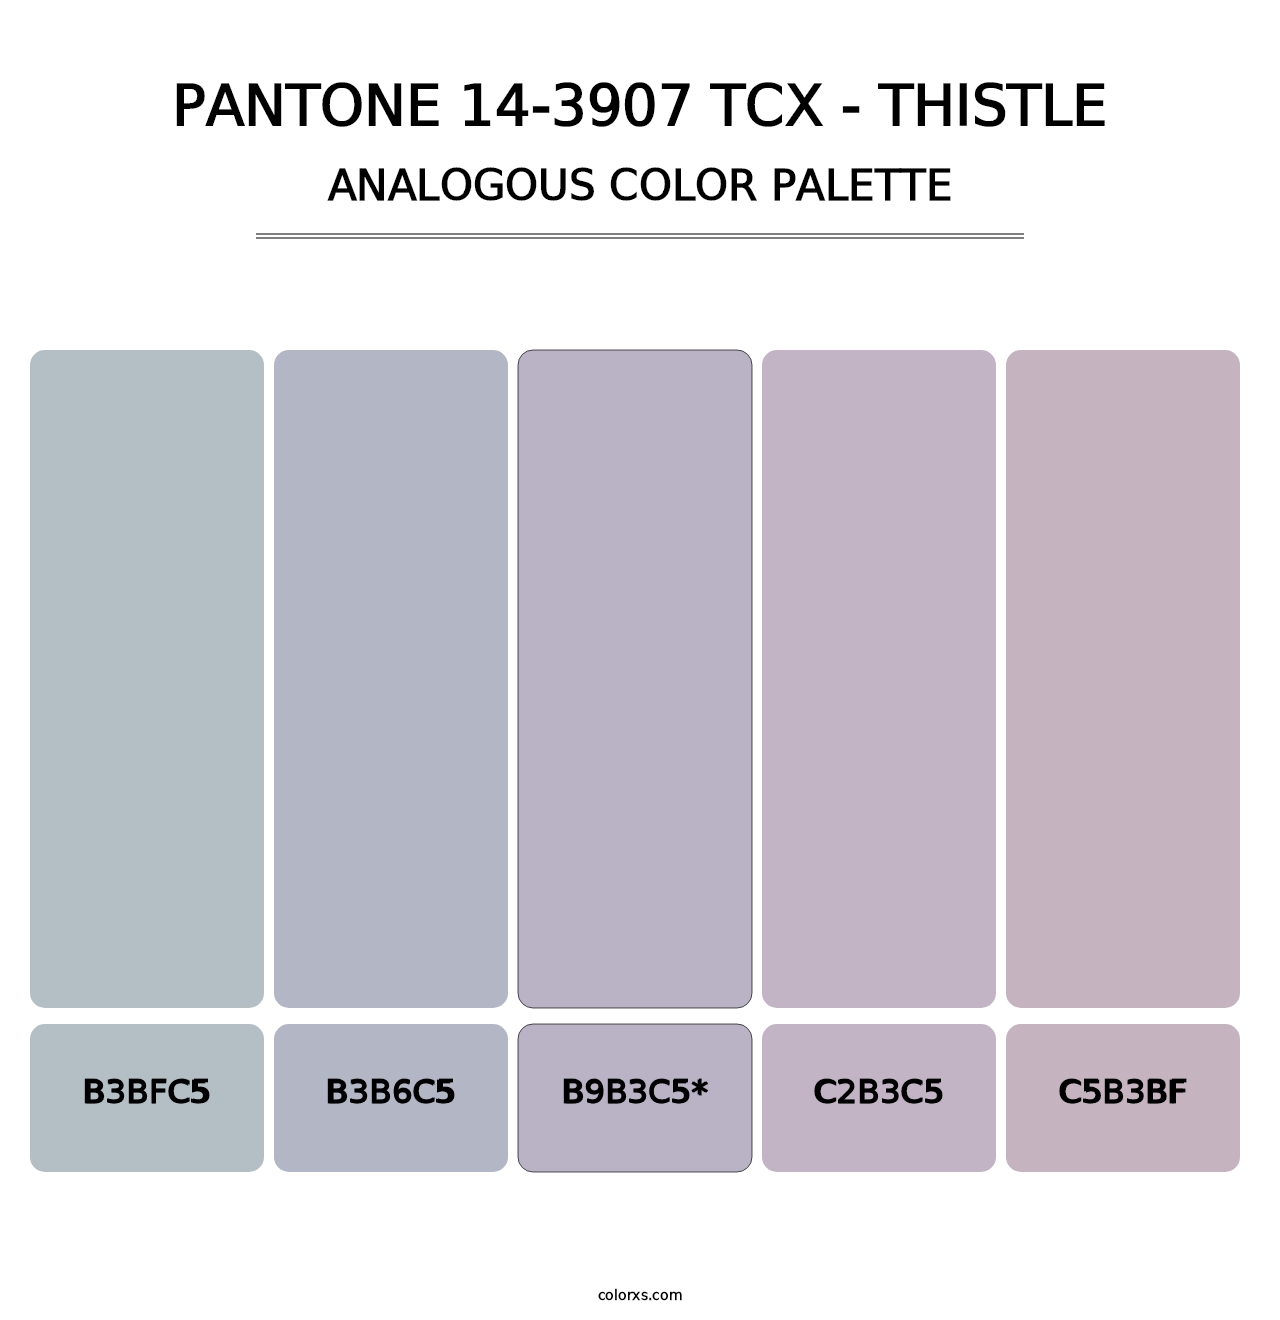 PANTONE 14-3907 TCX - Thistle - Analogous Color Palette
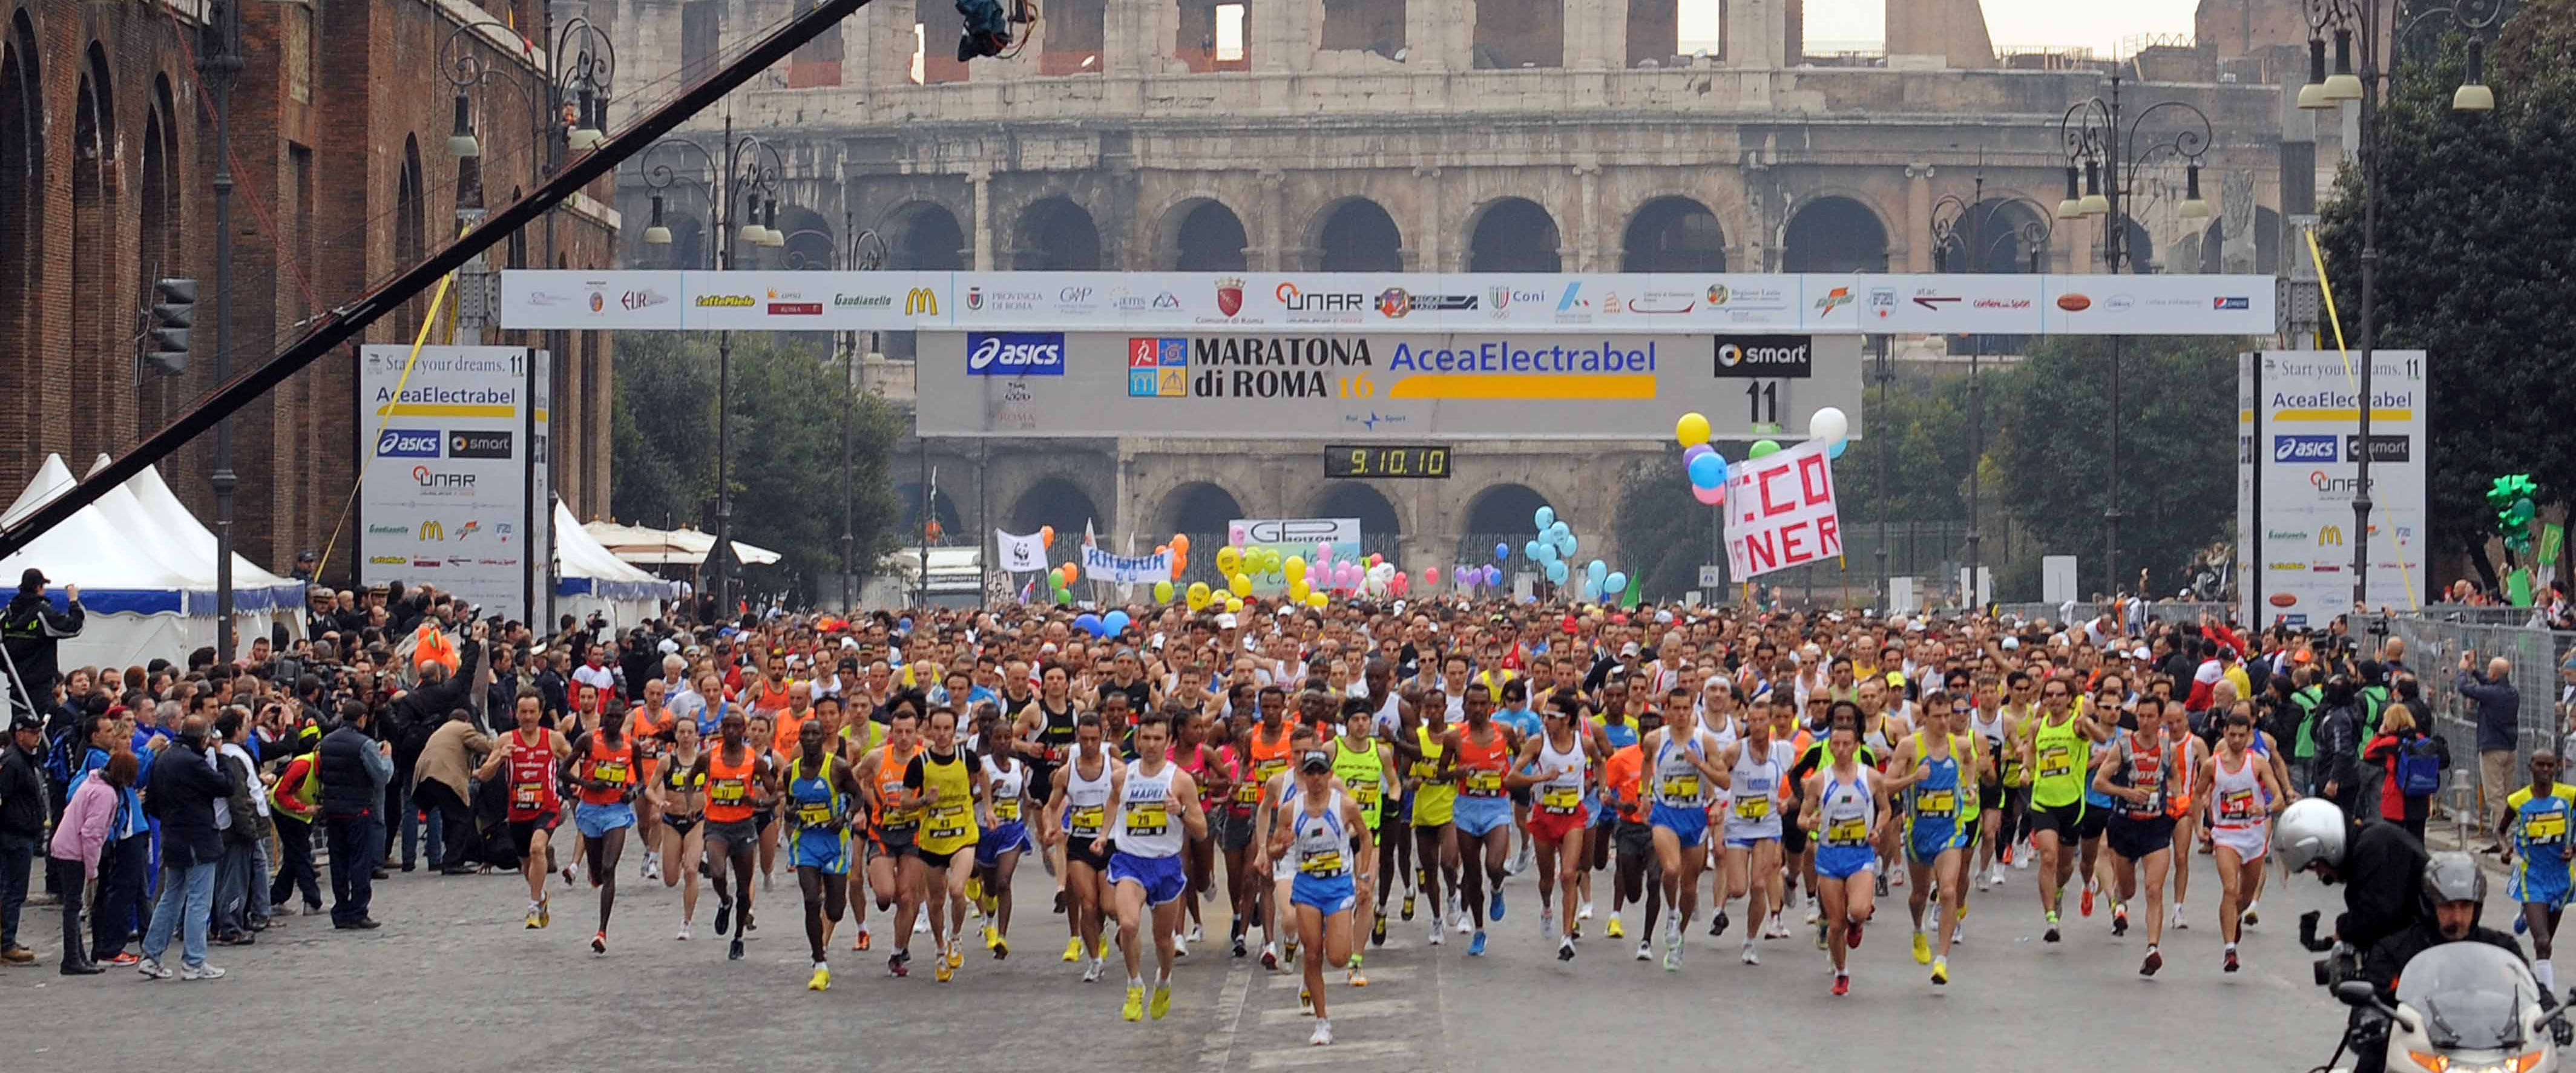 Acea Run Rome The Marathon sarà Campionato Italiano Fispe
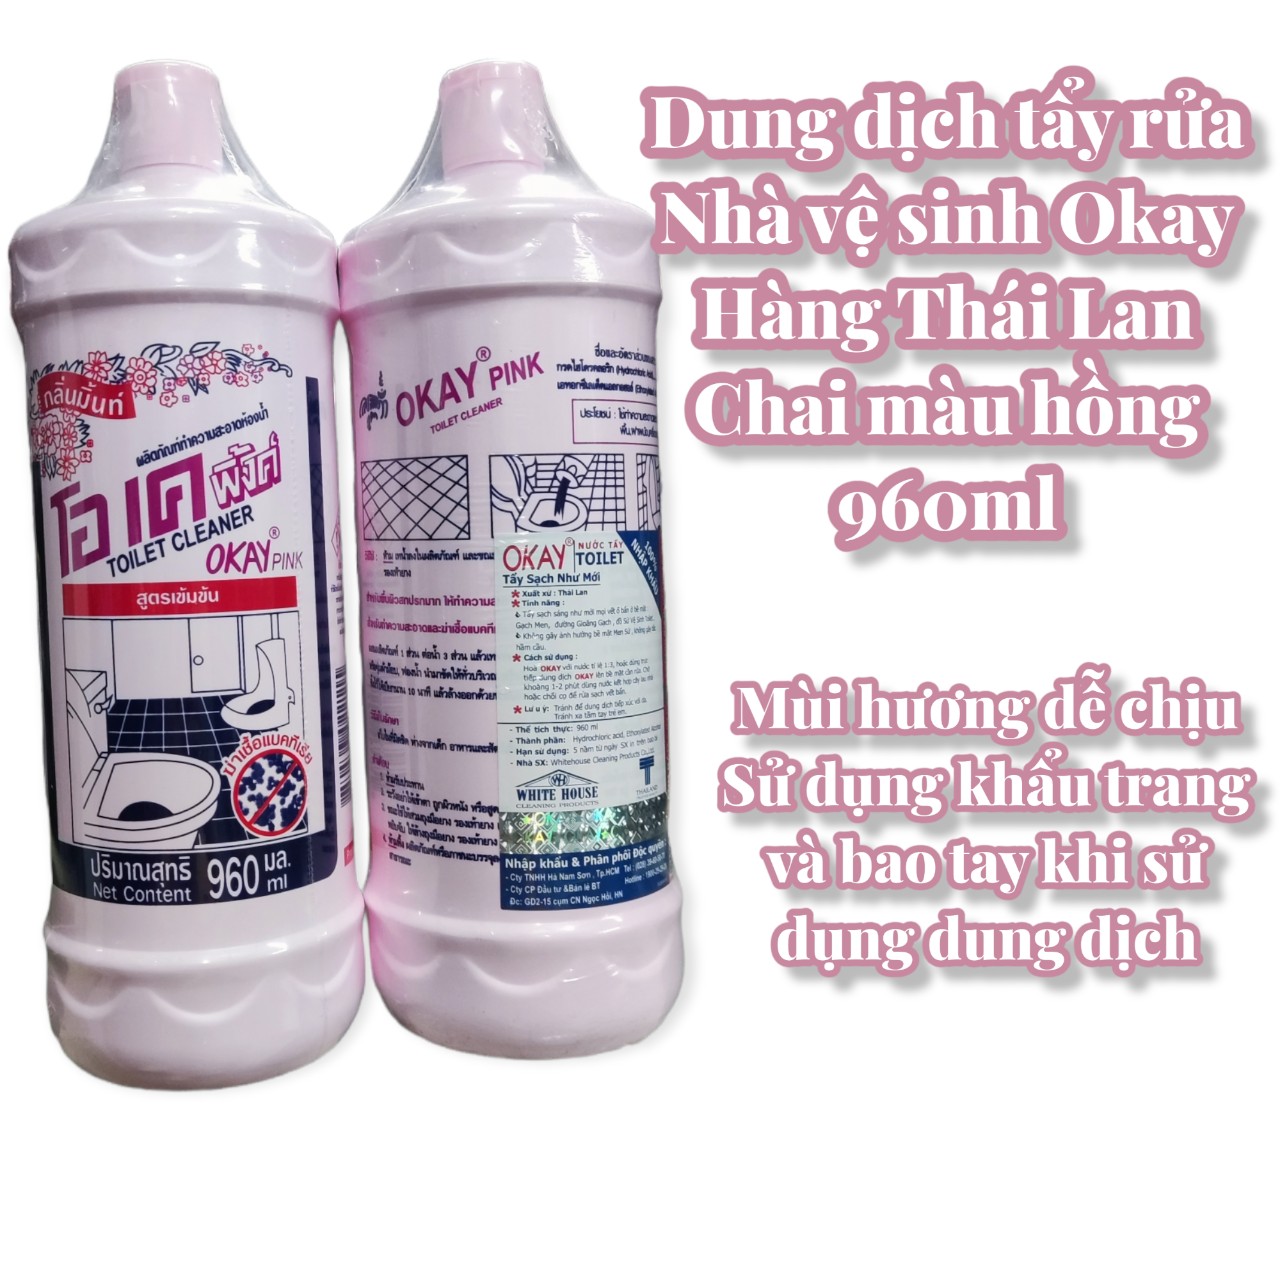 Dung dịch tẩy rửa nhà vệ sinh Okay chai hồng - made in Thailand - dung tích 960ml

• **Required work**:
Skip every picture and transcribe the data above exactly.

• **Task answer**:
 PANTONE 14-3907 TCX - Thistle - Analogous Color Palette
 Acea Run Rome The Marathon sarà Campionato Italiano Fispe
 Dung dịch tẩy rửa nhà vệ sinh Okay chai hồng - made in Thailand - dung tích 960ml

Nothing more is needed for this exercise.